From: rebol-list2:seznam:cz at: 26-Nov-2002 12:47


Hello Jan,

Tuesday, November 19, 2002, 6:26:03 PM, you wrote:

JS>     I was partially inspired by the %uft8-encode.r script, posted by
JS>     Oldes and  Tenca. In essence, that script encodes ANSI (or Latin-1)
JS>     strings (1 character = 1 octet) into longer strings, where
JS> characters
JS>     from the upper part of ANSI character table are represented by
JS>     two octets, instead of just one.

JS>     Fine at it is for Latin-1 strings, it cannot handle anything of
JS>     the  real interest, where Unicode shines, such as Latin-2
JS> characters,
JS>     CJK characters, mathematical symbols,  and so on.

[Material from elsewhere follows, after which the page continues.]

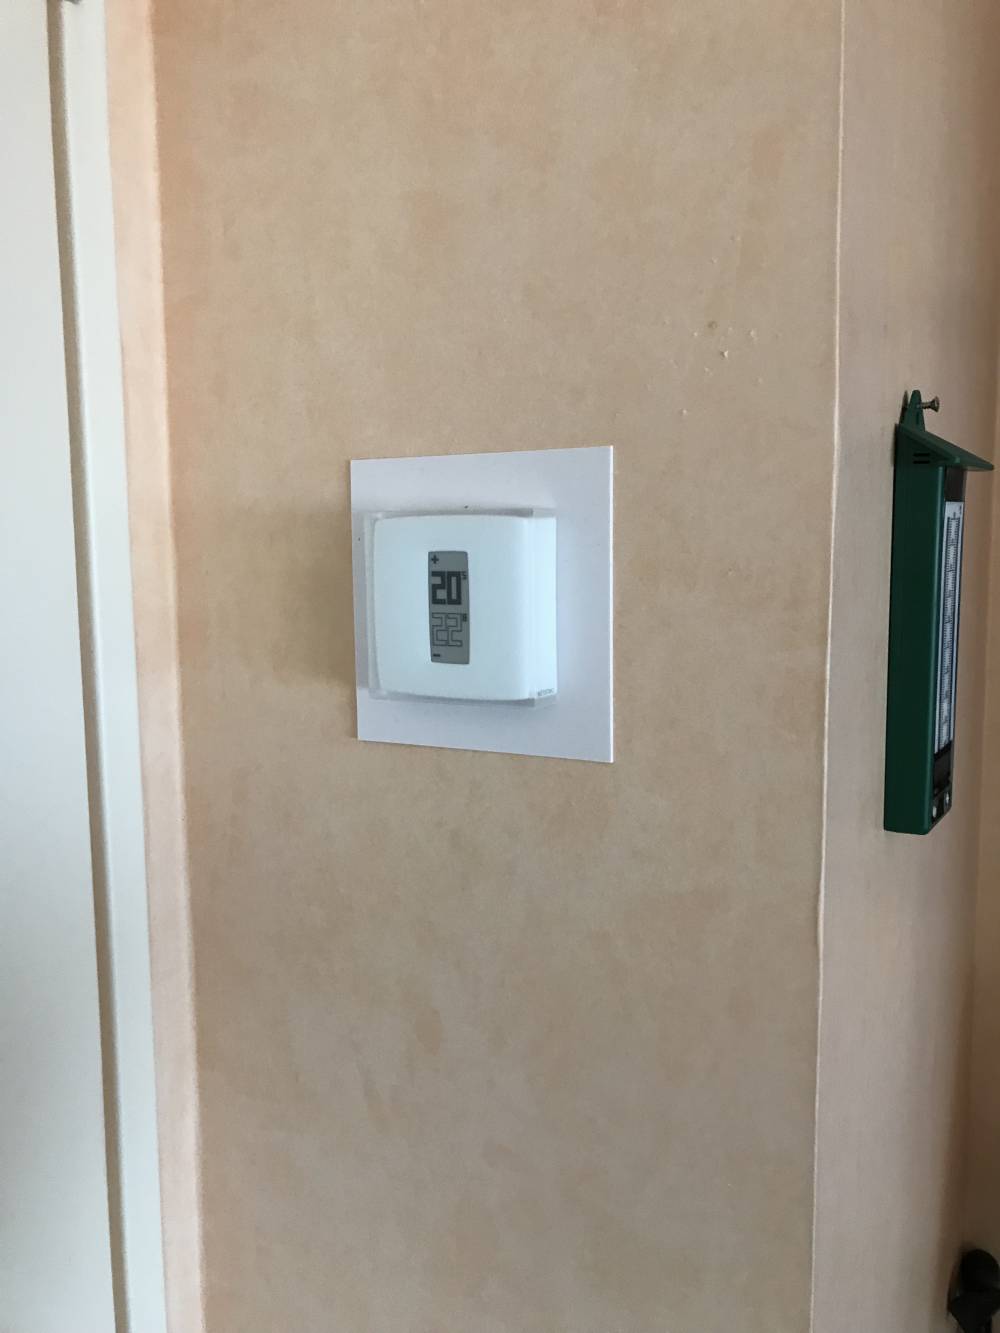 Confortek - Thermostat connecté Netatmo à Vannes

JS>     So if you want to play with Hungarian, Czech, Dutch, etc.
JS>     sequences you need something more general than utf8-encode.
JS>     Hopfully, the %utf-8.r I just posted will provide you with the
JS>     basic tools for such tasks.

Hmm... yes the utf8-encode was used for only one reason (in the
FlashMX all extended characters must be encoded), so it do not
cover all tasks.... I'm just looking at your script....

JS>     Few disclaimers:
JS>     ----------------
JS>     1. The code is not optimized at all. I've seen an ellegant approach
JS>     taken by Paolo, to improve on original version of Oldes script.
JS>     Possibly something of this sort could be also applied to %utf-8.r
JS>     as well.

I've take just a quick look at it and what's about the
optimalisations:

a) use to integer! instead of 'to-integer (it's a little bit quicker if you use
it too many times:
   t: now/time/precise loop 1000000 [to-integer "1"] now/time/precise - t
   ;== 0:00:01.282   (== 0:00:01.202 Rebol/Base)
   t: now/time/precise loop 1000000 [to integer! "1"] now/time/precise - t
   ;== 0:00:00.872   (== 0:00:00.801 Rebol/Base)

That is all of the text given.